The Lego Movie won the weekend again, coming in with $31 million for a new total of $183 million with no signs of slowing up. The new releases this week were no competition for it, as Kevin Costner's attempt to revamp himself as an older action hero, ala Liam Neeson, fell by the wayside, with the badly reviewed 3 Days to Kill coming in at a distant second place with $12 million. It won't do much in the long run.

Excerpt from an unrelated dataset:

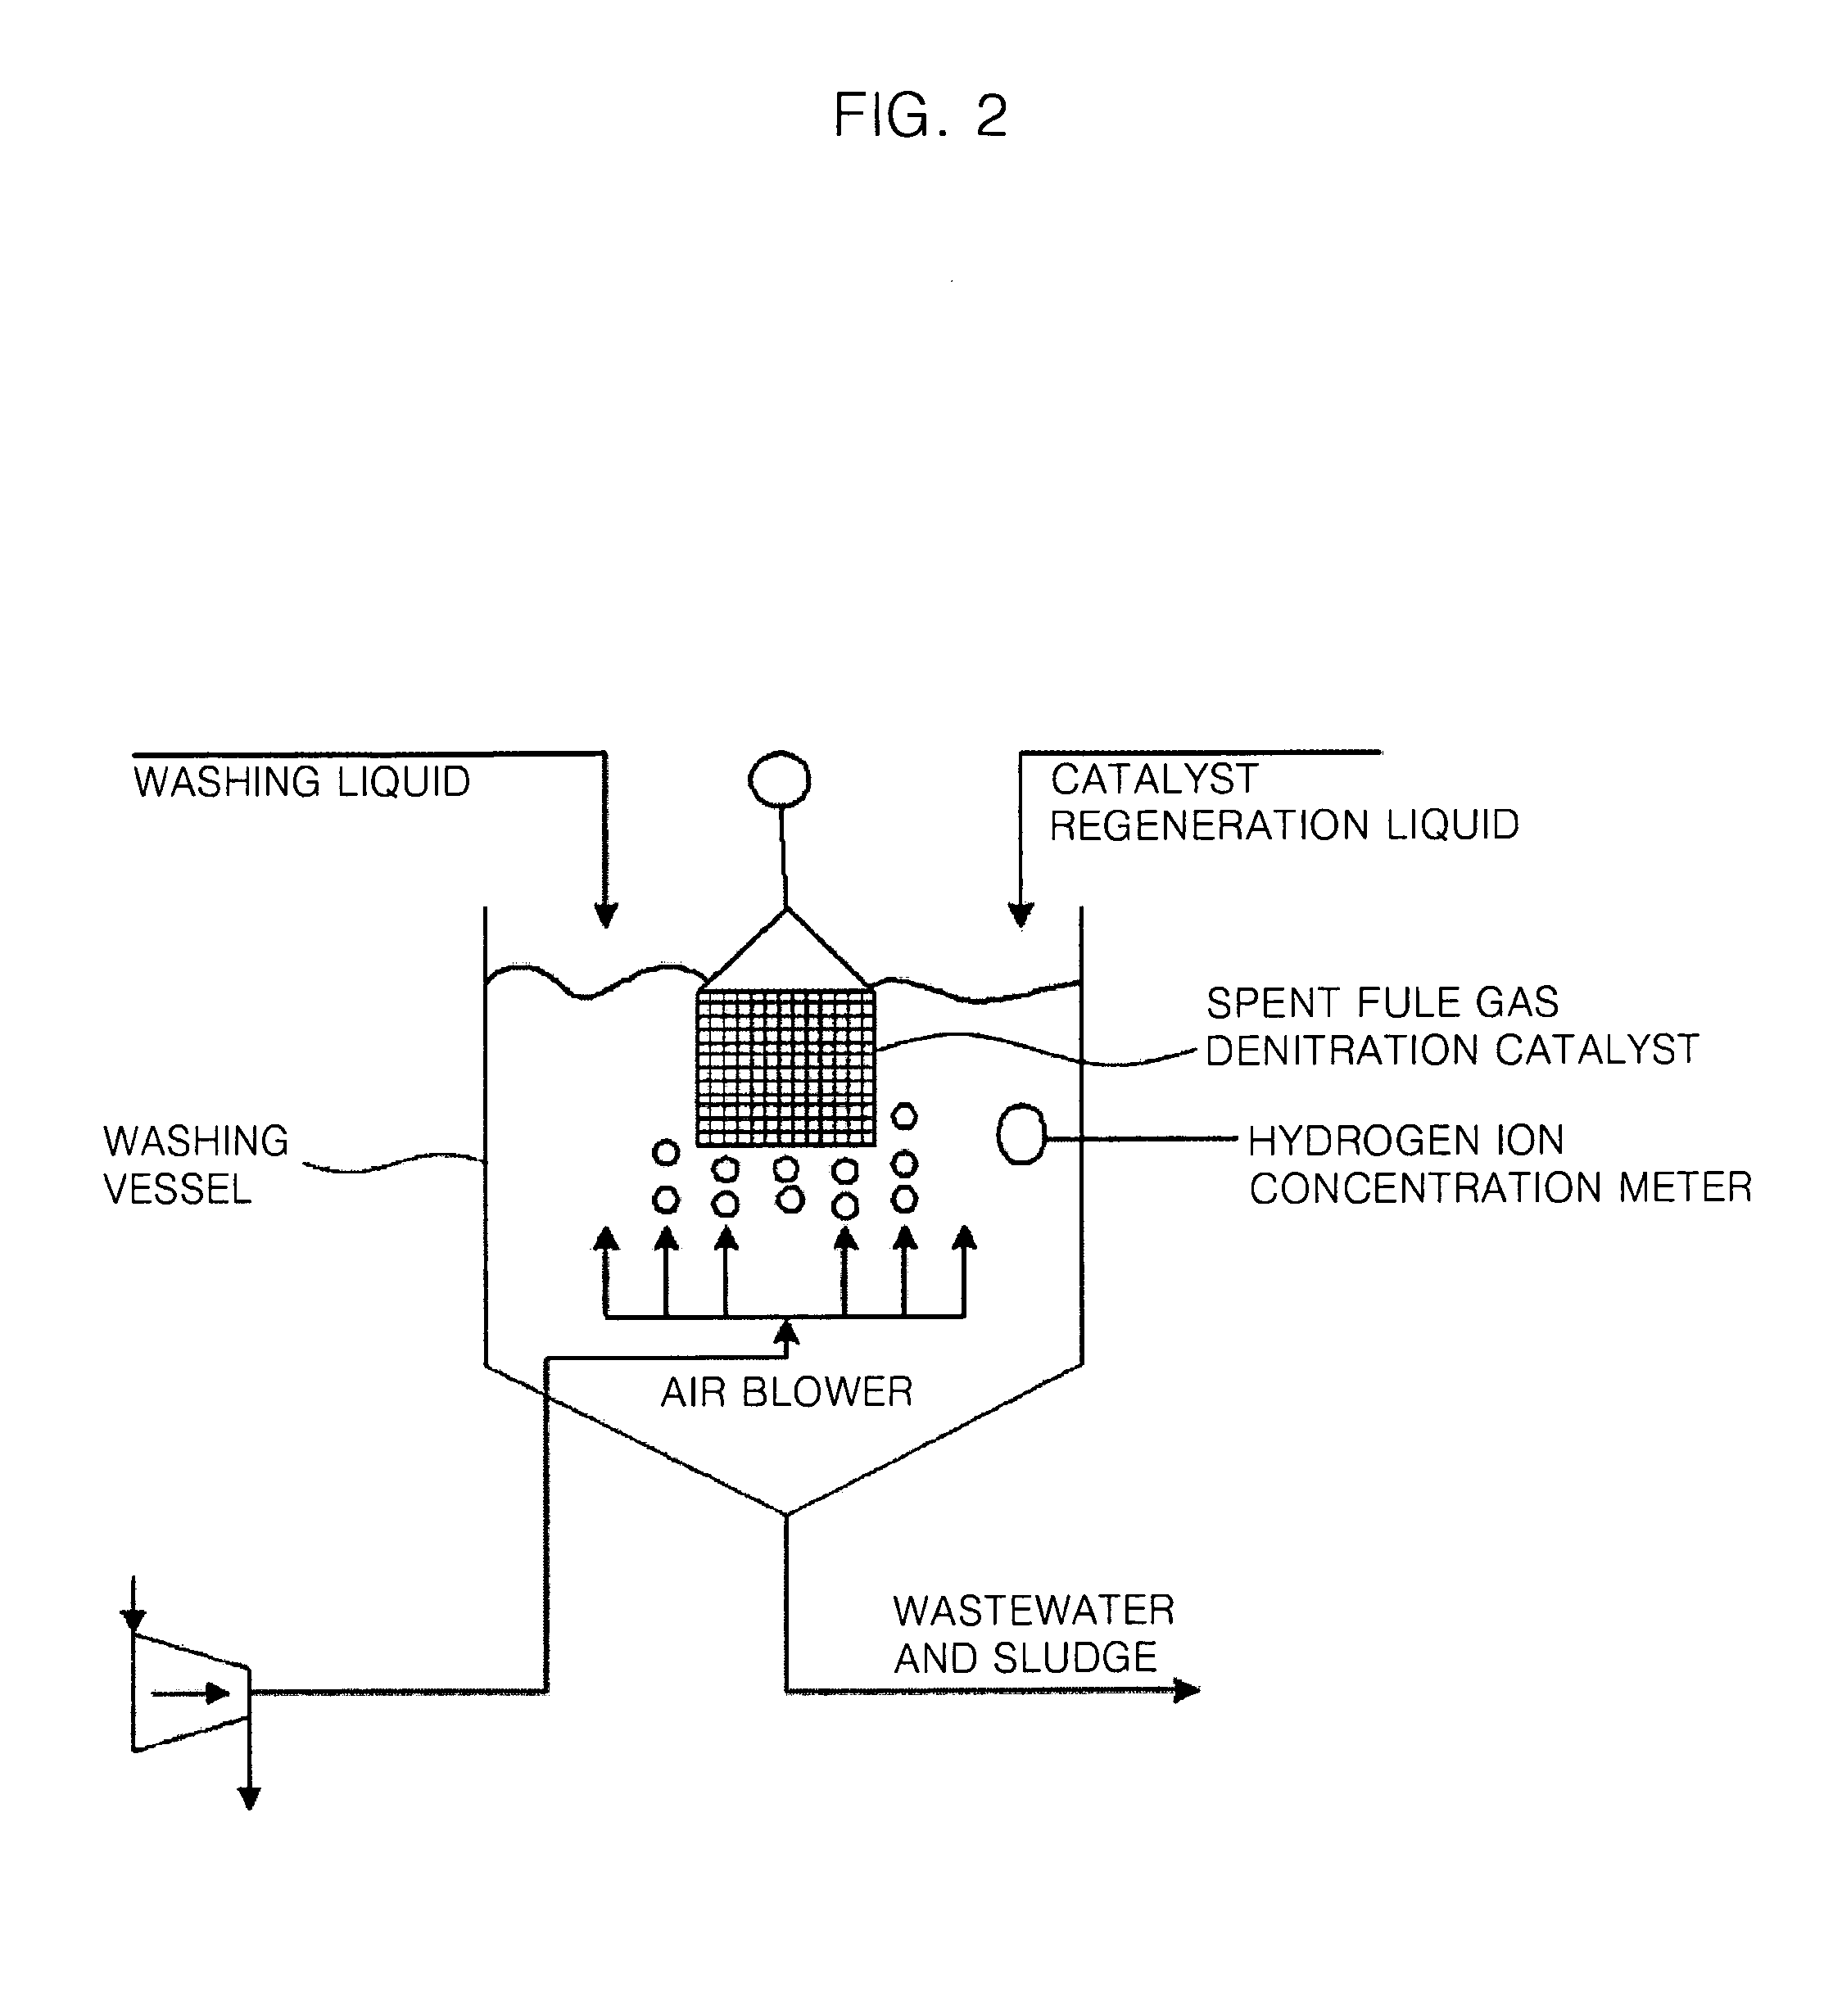 Method of recycling spent flue gas denitration catalyst and method of determining washing time of spent flue gas denitration catalyst

In third was the Mount Vesuvius movie Pompeii, starring Kit Harrington of Game of Thrones fame, but it was also poorly received and way too expensive, earning just $10 million over the weekend on a $100 million budget. That's a total failure, so it can only hope for higher receipts from international grosses. Fourth was RoboCop, which took in $9 million and fell 57% from last week, and fifth place belonged to The Monuments Men with another $8 million and $58 million total so far, but both of those movies cost upwards of $70 million, so success is something of a relative term.
Top 5
- The Lego Movie- $31.5 million
- 3 Days to Kill- $12.3 million
- Pompeii- $10 million
- RoboCop- $9.4 million
- The Monuments Men- $8.1 million
Surprisingly, About Last Night fell off a cliff this week after a successful debut last weekend, earning just $7 million, not even enough to make the top five. And internationally, Frozen is closing in on $1 billion, with $980 million worldwide and just about to open in Japan (it looks like it may also get to that $400 million marker domestically too, having now grossed $384 million in an astonishing stateside run). Finally, in another landmark, The Hunger Games: Catching Fire is now the 10th highest-grossing movie of all time at the domestic box office with $423 million. Next up it's Liam Neeson himself in the flight thriller Non-Stop against Bible producer Mark Burnett's Son of God.